======== EXTRACTED RECORDS ========

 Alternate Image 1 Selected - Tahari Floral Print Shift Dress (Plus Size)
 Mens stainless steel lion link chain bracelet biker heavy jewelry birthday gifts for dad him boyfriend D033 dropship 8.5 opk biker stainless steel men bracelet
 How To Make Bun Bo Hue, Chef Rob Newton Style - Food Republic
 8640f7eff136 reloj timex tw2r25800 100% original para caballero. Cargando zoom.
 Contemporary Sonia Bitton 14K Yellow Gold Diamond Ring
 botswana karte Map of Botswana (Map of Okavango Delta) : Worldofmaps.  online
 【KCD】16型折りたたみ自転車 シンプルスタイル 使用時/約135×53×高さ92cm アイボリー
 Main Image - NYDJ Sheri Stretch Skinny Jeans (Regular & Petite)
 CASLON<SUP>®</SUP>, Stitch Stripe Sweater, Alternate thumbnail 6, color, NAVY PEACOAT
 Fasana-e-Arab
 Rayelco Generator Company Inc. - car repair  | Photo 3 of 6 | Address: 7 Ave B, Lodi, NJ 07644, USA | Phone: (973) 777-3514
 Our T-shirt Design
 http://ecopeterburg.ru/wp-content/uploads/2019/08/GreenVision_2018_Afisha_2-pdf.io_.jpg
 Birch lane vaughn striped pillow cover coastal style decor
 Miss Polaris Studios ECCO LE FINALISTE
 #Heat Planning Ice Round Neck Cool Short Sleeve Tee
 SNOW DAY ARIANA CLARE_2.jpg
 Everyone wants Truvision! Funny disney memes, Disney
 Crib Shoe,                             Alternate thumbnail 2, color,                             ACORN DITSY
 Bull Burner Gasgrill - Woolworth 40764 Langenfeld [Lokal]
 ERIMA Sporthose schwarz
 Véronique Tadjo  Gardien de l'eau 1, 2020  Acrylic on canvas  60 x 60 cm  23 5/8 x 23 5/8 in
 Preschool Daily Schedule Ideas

========

▶ PROBLEM DETAILS: Produce a word-for-word restatement of all the records.

▶ ANSWER TO THIS TASK:
 Alternate Image 1 Selected - Tahari Floral Print Shift Dress (Plus Size)
 Mens stainless steel lion link chain bracelet biker heavy jewelry birthday gifts for dad him boyfriend D033 dropship 8.5 opk biker stainless steel men bracelet
 How To Make Bun Bo Hue, Chef Rob Newton Style - Food Republic
 8640f7eff136 reloj timex tw2r25800 100% original para caballero. Cargando zoom.
 Contemporary Sonia Bitton 14K Yellow Gold Diamond Ring
 botswana karte Map of Botswana (Map of Okavango Delta) : Worldofmaps.  online
 【KCD】16型折りたたみ自転車 シンプルスタイル 使用時/約135×53×高さ92cm アイボリー
 Main Image - NYDJ Sheri Stretch Skinny Jeans (Regular & Petite)
 CASLON<SUP>®</SUP>, Stitch Stripe Sweater, Alternate thumbnail 6, color, NAVY PEACOAT
 Fasana-e-Arab
 Rayelco Generator Company Inc. - car repair  | Photo 3 of 6 | Address: 7 Ave B, Lodi, NJ 07644, USA | Phone: (973) 777-3514
 Our T-shirt Design
 http://ecopeterburg.ru/wp-content/uploads/2019/08/GreenVision_2018_Afisha_2-pdf.io_.jpg
 Birch lane vaughn striped pillow cover coastal style decor
 Miss Polaris Studios ECCO LE FINALISTE
 #Heat Planning Ice Round Neck Cool Short Sleeve Tee
 SNOW DAY ARIANA CLARE_2.jpg
 Everyone wants Truvision! Funny disney memes, Disney
 Crib Shoe,                             Alternate thumbnail 2, color,                             ACORN DITSY
 Bull Burner Gasgrill - Woolworth 40764 Langenfeld [Lokal]
 ERIMA Sporthose schwarz
 Véronique Tadjo  Gardien de l'eau 1, 2020  Acrylic on canvas  60 x 60 cm  23 5/8 x 23 5/8 in
 Preschool Daily Schedule Ideas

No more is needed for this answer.